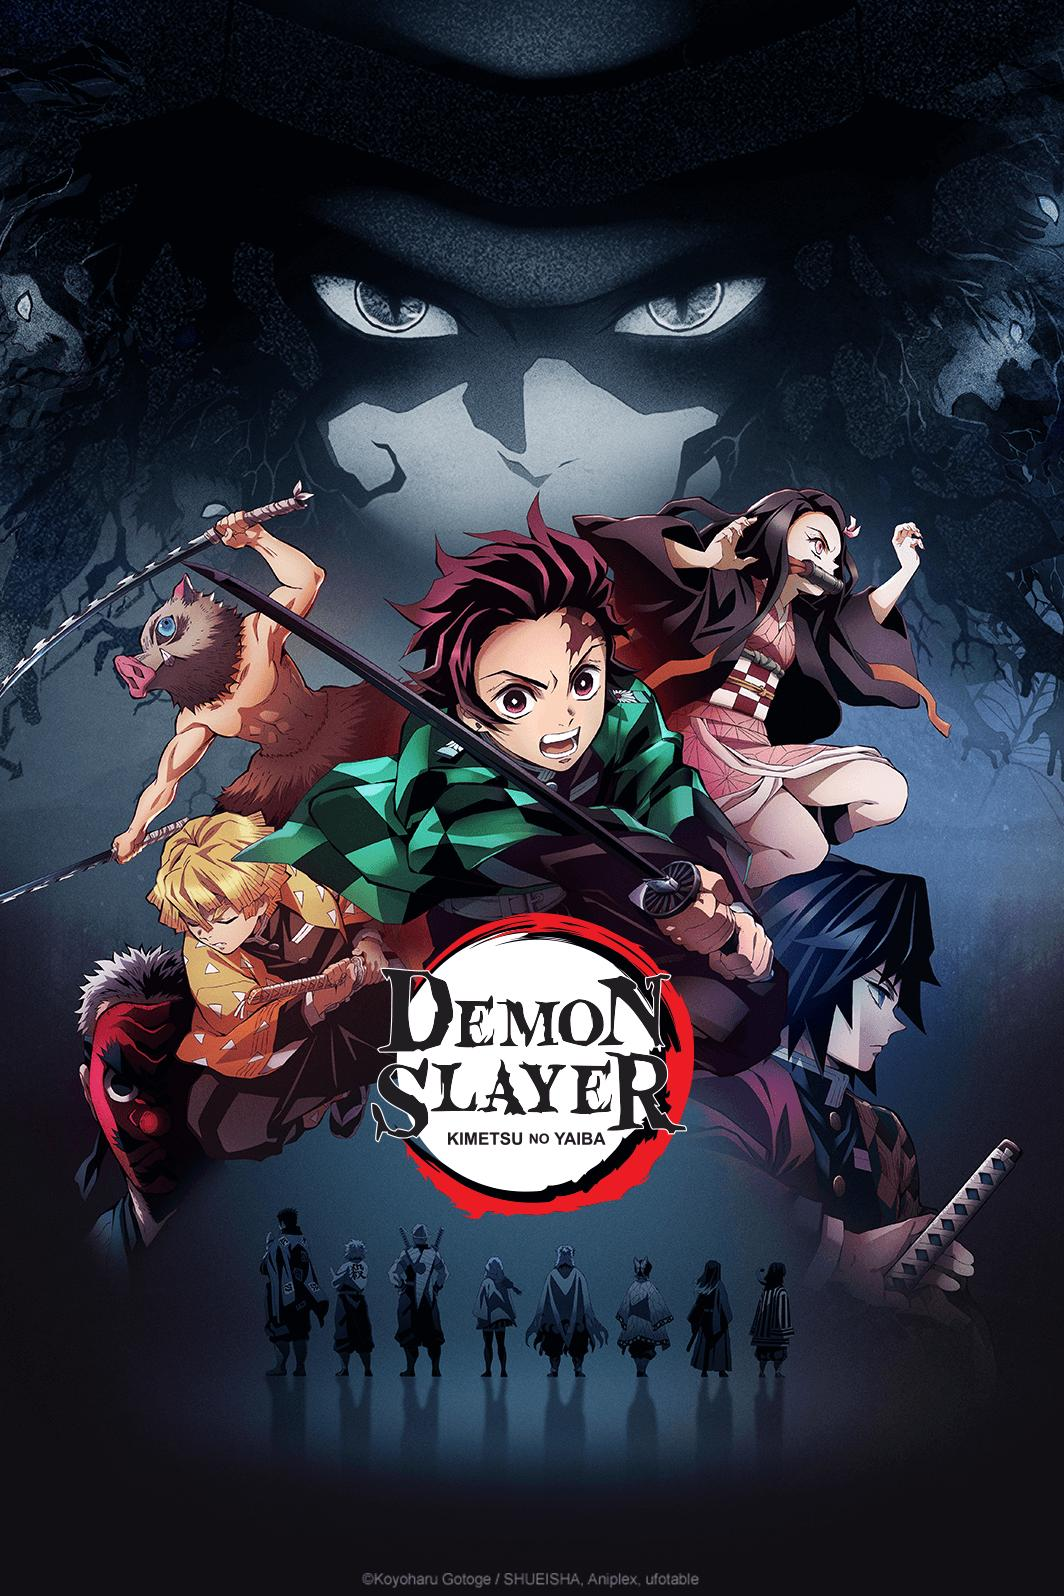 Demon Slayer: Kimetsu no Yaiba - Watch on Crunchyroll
---
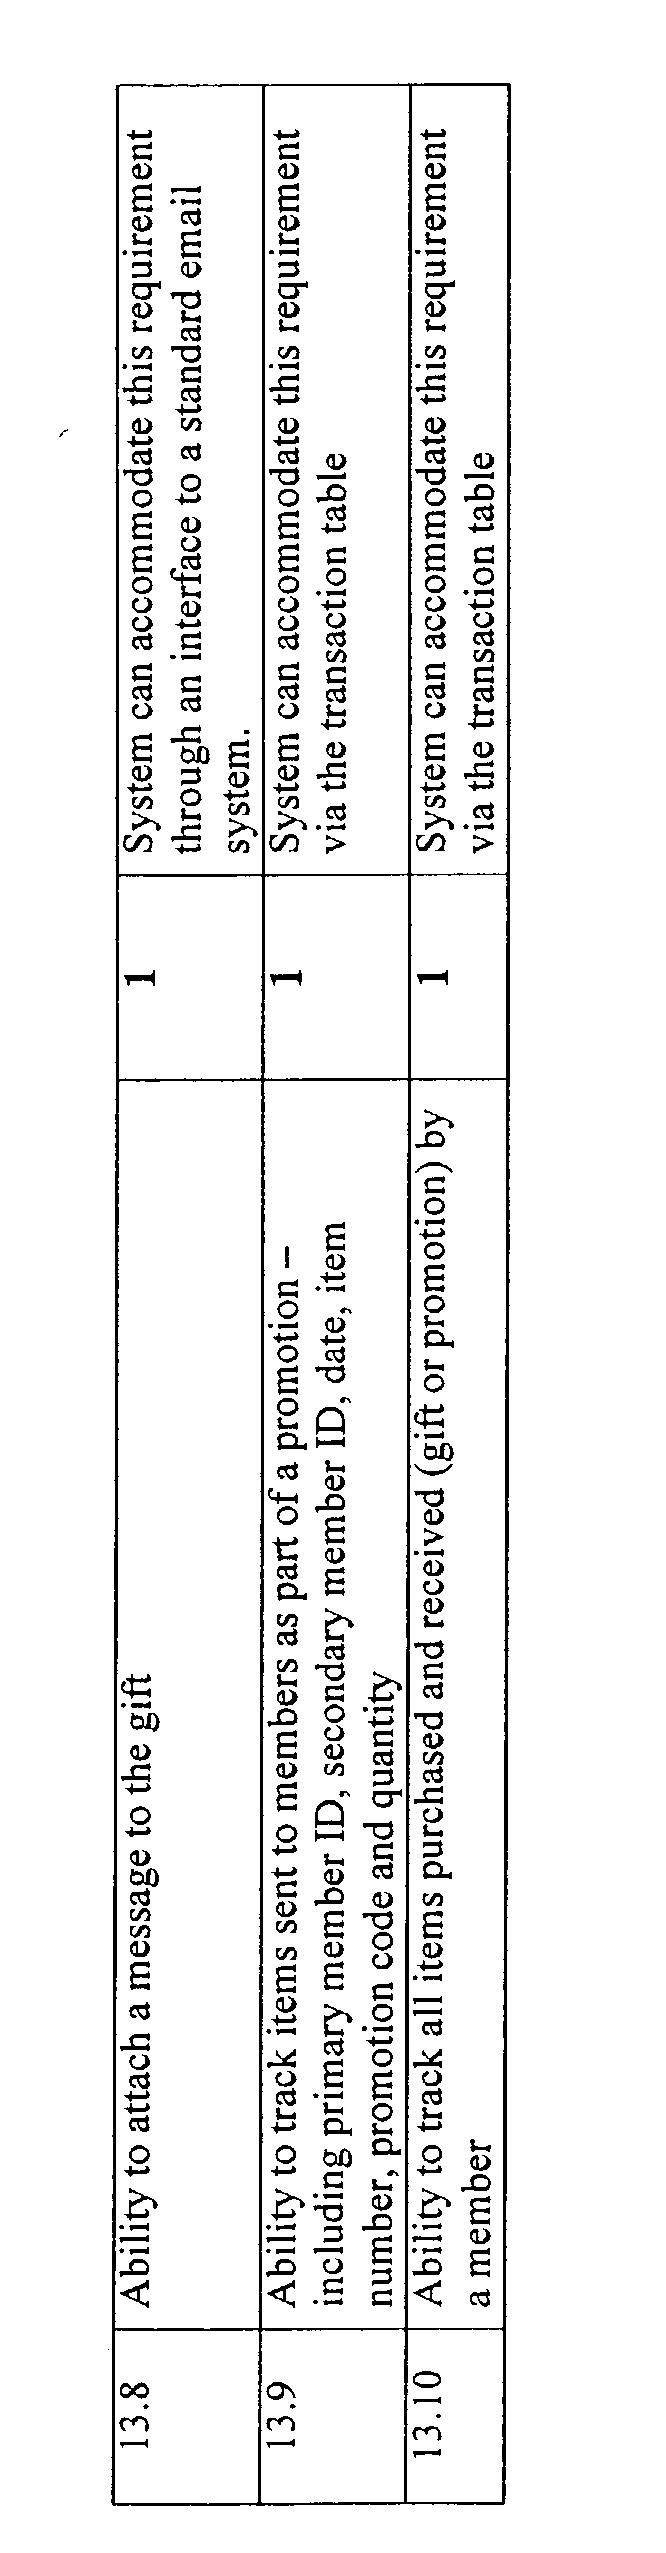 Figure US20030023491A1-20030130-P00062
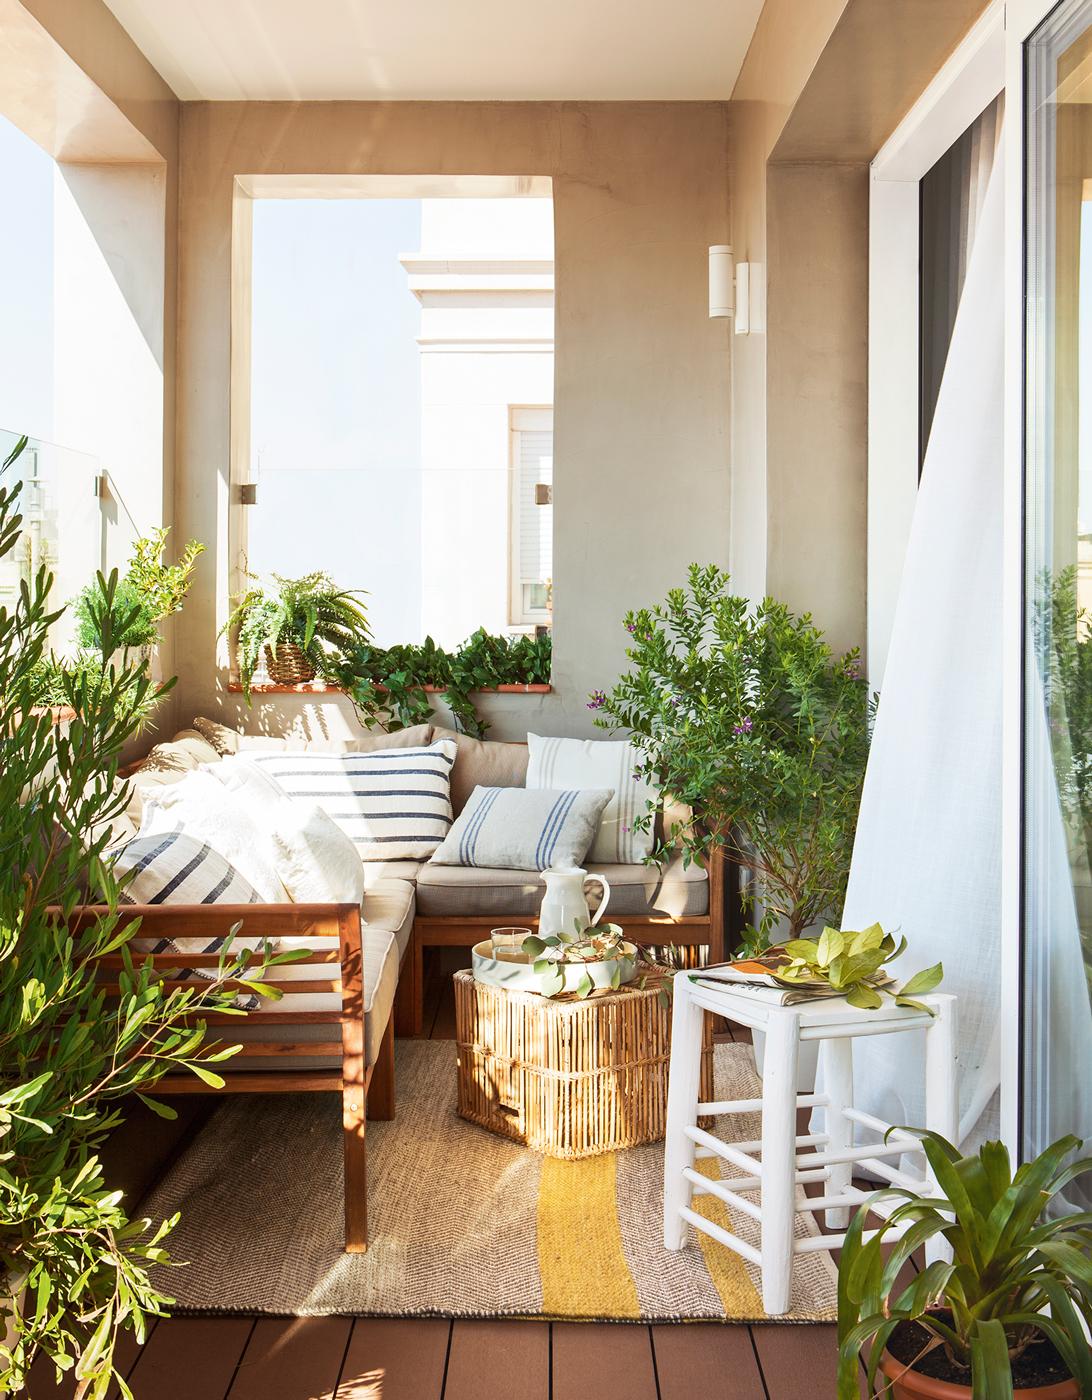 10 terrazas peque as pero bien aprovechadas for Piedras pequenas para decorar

### THE PROBLEM
Return the lines above from the one with "Figure US20030023491A1-20030130-P00062" through the one with "10 terrazas peque", verbatim and nothing else. Omit every picture.

### SOLVED PROBLEM
 Figure US20030023491A1-20030130-P00062
 10 terrazas peque as pero bien aprovechadas for Piedras pequenas para decorar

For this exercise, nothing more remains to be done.